All of the paranoia that Yukiko Motoya renounced is here, in this book. An unnamed ex-detective comes out of retirement to venture deep into a strange forest an with eerie pull. Her intent is to find a man’s ex-wife, but once inside the forest her mission becomes splintered. This book is a freak show, a Little Red Riding Hood story, a fairy tale. It’s all wrapped up into a slim package that will immerse you and leave you desperately confused but thrilled.
Mariko Ohara’s book was initially published in the 90’s, but didn’t make it to the US until this year, thanks to the translation of Jodie Beck. This one immediately made it into the “sci fi classics” category for me. When a cyborg escapes a lab, he eludes his hunters by shapeshifting (and he’s able to do so with any form he’s encountered and of which he's cataloged the DNA). He shapeshifts into a small girl, a plane, a plant… this book stretches the definition of “living organism” and is highly empathetic even throughout its grisly fight scenes. I would consider it a deeply feminist work, with as many ties to mythology and fairy tale as it has to the sci fi tradition.
This little book accomplishes so much in 150 pages. The book ricochets from a failed, morally-dubious experiment in a 1907 asylum to the performance art scene in the early 2000s. If you’re looking for a wild ride, this might be your dream novel. Mixing lowbrow and highbrow, science and art, Comemadre has everything from frog figurines to talking heads to identical artists, all of which culminate in investigating the questions: do we have a soul? When does the body die? What is transcendence?
1920’s speculative fiction about trauma, agency, and MONTREAL. How cool is that? This book does an incredible job of giving the scope of a whole culture through the lens of a single individual.
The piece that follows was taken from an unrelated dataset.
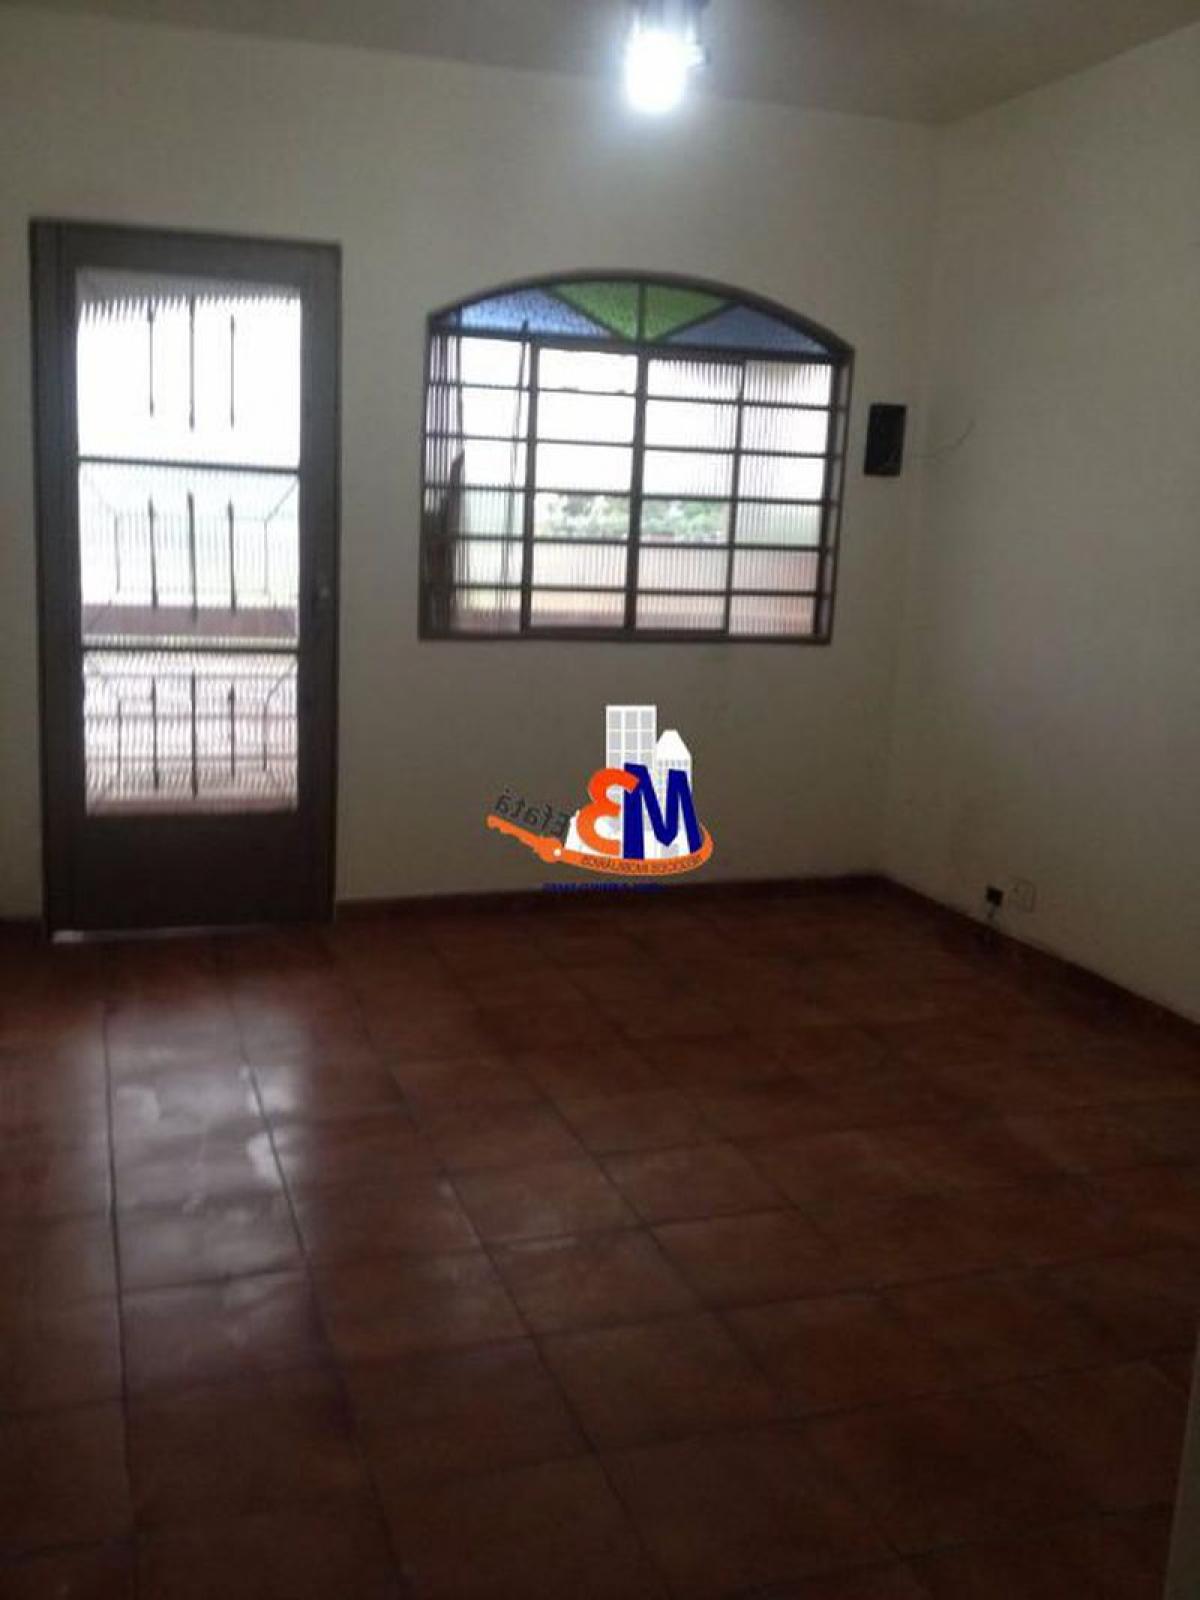 Picture of Home For Sale in Taboao Da Serra, Sao Paulo, Brazil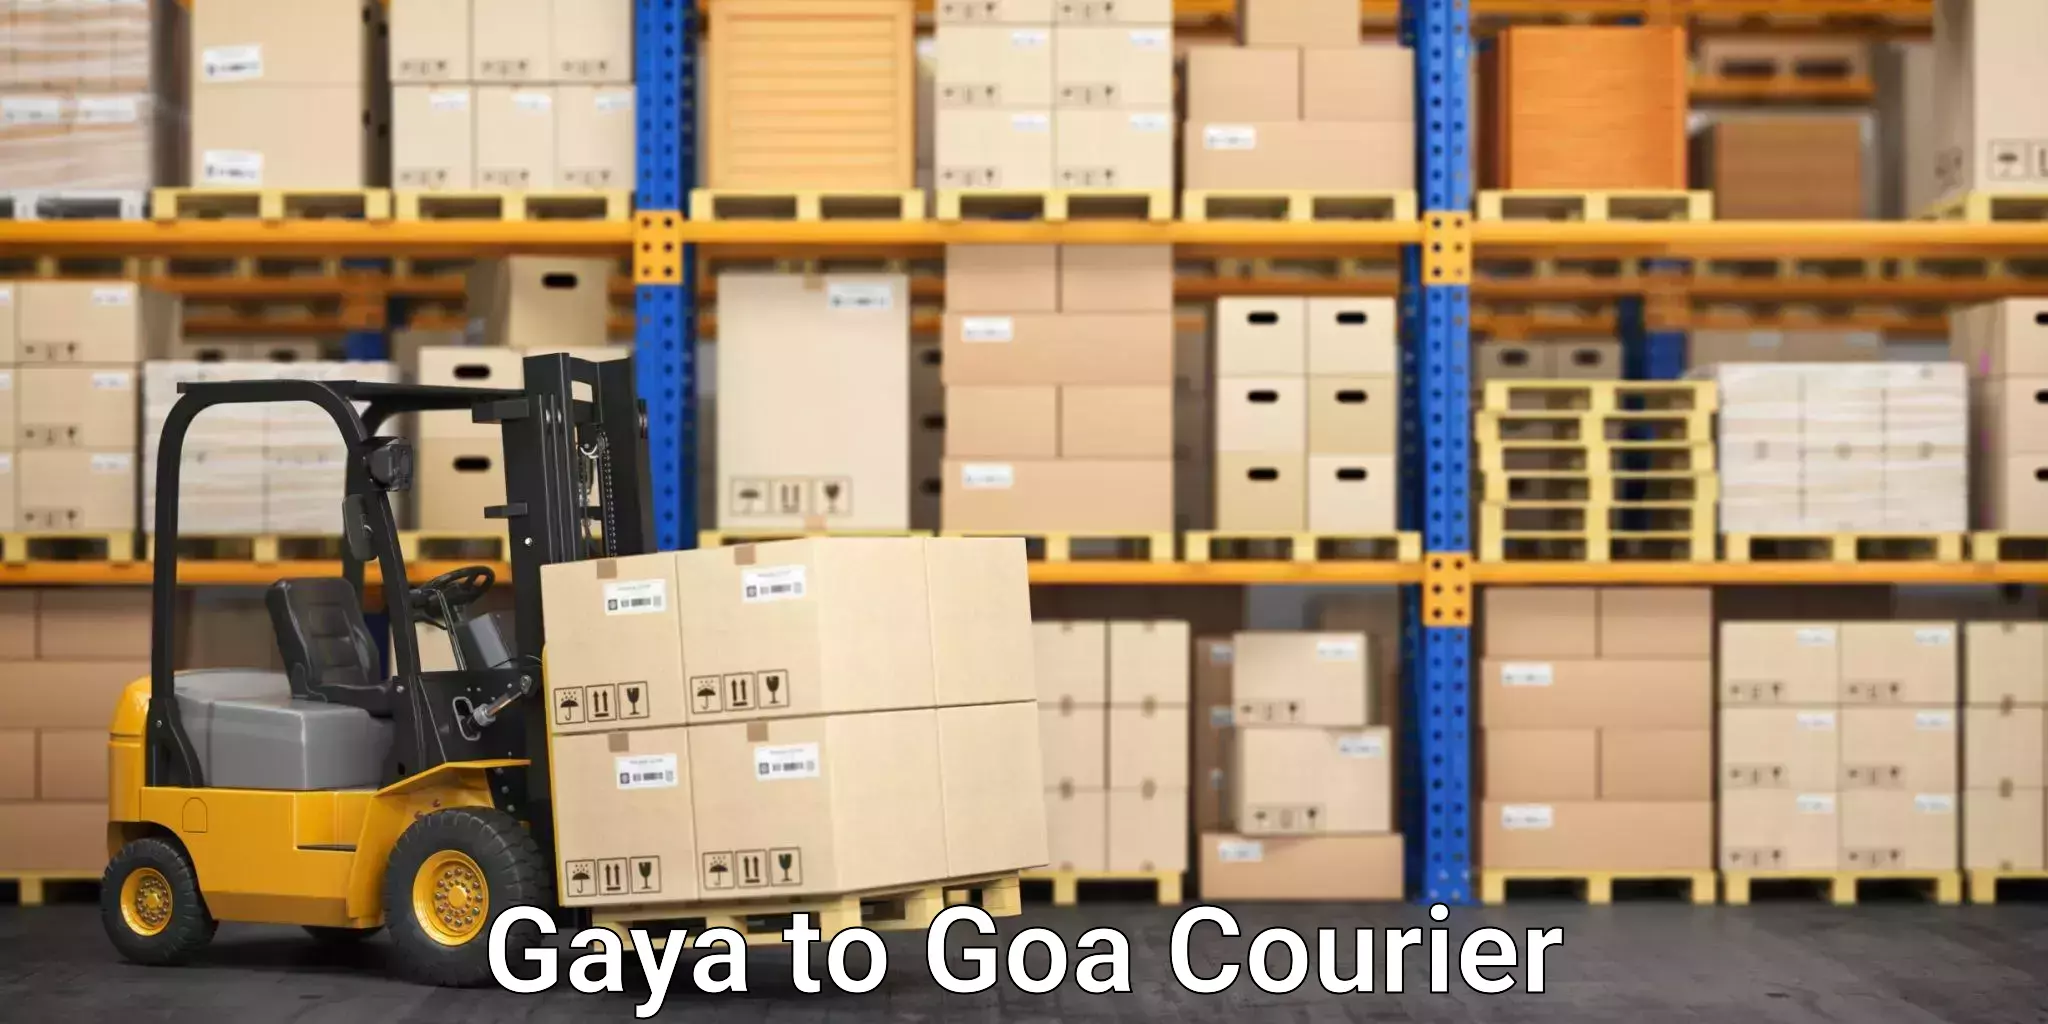 Furniture moving experts Gaya to Goa

Elsie, the protagonist, is a fantastic, fully-realized personality who moves around Morrow’s created world with curiosity and thoughtfulness. Morrow’s book definitely made waves when it came out in hardcover, and it’s soon to be released in a gorgeous paperback version.
Tillie Walden always does a spectacular job with world-building. In her newest graphic novel, a girl crosses space and time to find her long-lost lover. The narrative is deeply moving, but the best thing about ON A SUNBEAM is how INCREDIBLE it is as a visual object. Walden uses rich colors to share emotion and atmosphere in frames where characters are fairly quiet.